Medellin and Cali in Colombia during the time of Pablo Escobar and the rest are perhaps more apt comparisons than the Balkans, or with Northern Ireland and the 'Troubles'.
In Medellin and Cali, sheer criminality held sway. Drug bosses and racketeers saw opportunities to make big money and ruthlessly muscled their way into control, getting the upper hand of a state that was, initially, slow to respond.
In the Balkan region, a more than 800-year dispute between ethnic groups triggered a world war, a series of regional wars and brought into the modern lexicon the phrase 'ethnic cleansing'. The Irish question is similarly historic and complex, enveloped in matters of conquest, religion, civil war and independence.
Different contexts, textures
It is hardly practical, disingenuous in fact, to equate these cases directly, and the strategies used in their settlement, to accords among the warlords and extortionists in communities such as August Town and elsewhere in Jamaica.
In the Balkans and in Ulster, formal and quasi-states and distinct ethnic and religious groups were direct participants in states of war. The context and texture of those conflicts were substantively different from the criminality that underpinned Medellin, Cali, the narco-controlled towns of Mexico and the community bases of the Jamaican dons.
It is instructive, for instance, that the Colombian state engaged in a long period of appeasement and accommodation of the narco-Mafia with little success in tamping down their violence. Success, in the end, came when the state asserted its authority in these cities, putting the Pablo Escobars of the world to flight.
Participants in ceremonies
The larger point is that peace treaties between gangs and community warlords - who get to keep their M16s, Bushmasters, Glocks and assortment of other weapons once they don't frighten us too much by slinging them openly and not offering gun salutes to their comrades - is downright dangerous and is, in all possibility, the thin end of the proverbial wedge. There is not even the suggestion for the decommissioning of weapons.
The danger deepens, however, when senior security officials of the state are guests at, if not participants in, the signing ceremonies, and when quasi-state officials are just short of being official guarantors of the pacts.

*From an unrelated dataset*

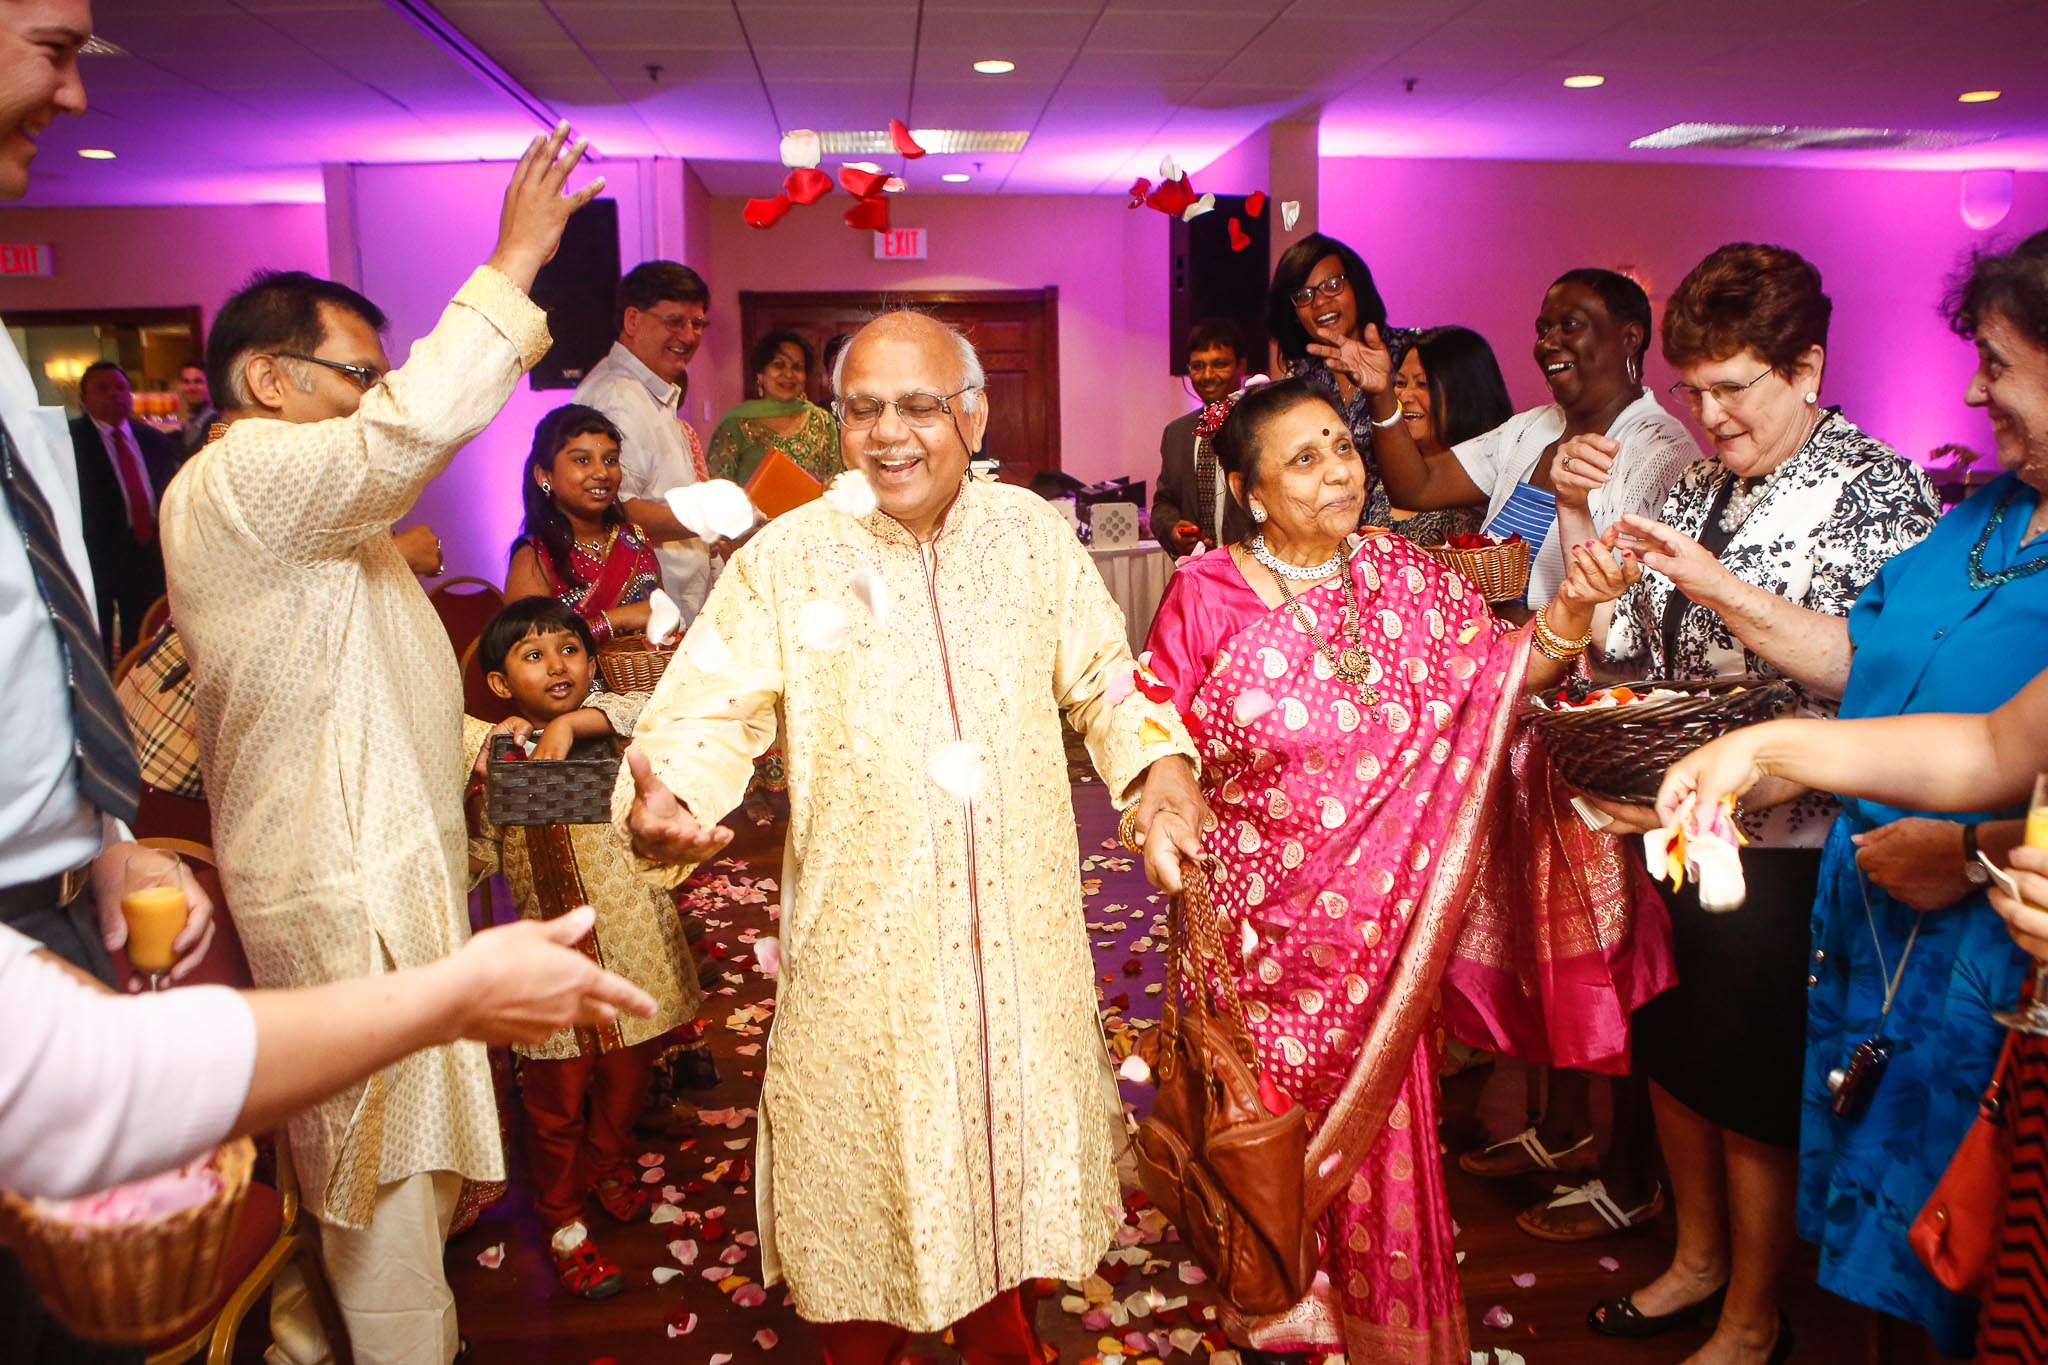 DC Indian wedding photographer,Wyndham Garden Exton Valley Forge wedding dc south asian wedding photographer, downington pennsylvania wedding indian photographer, downington pennsylvania wedding, (2 of 44).jpg

The obvious potential here is for the accretion of power to gang leaders and warlords; a devolution of political authority of sorts. For having become legitimised, their next move, perhaps, is to being formal state actors. Maybe, the next round of negotiation might be about a confederation between the diminished Jamaican state and the 'devolved' communities. Great achievement, indeed. But then, as myopic as we are, as dark as we are, we clearly miss this positive achievement that stares Jamaica in the face.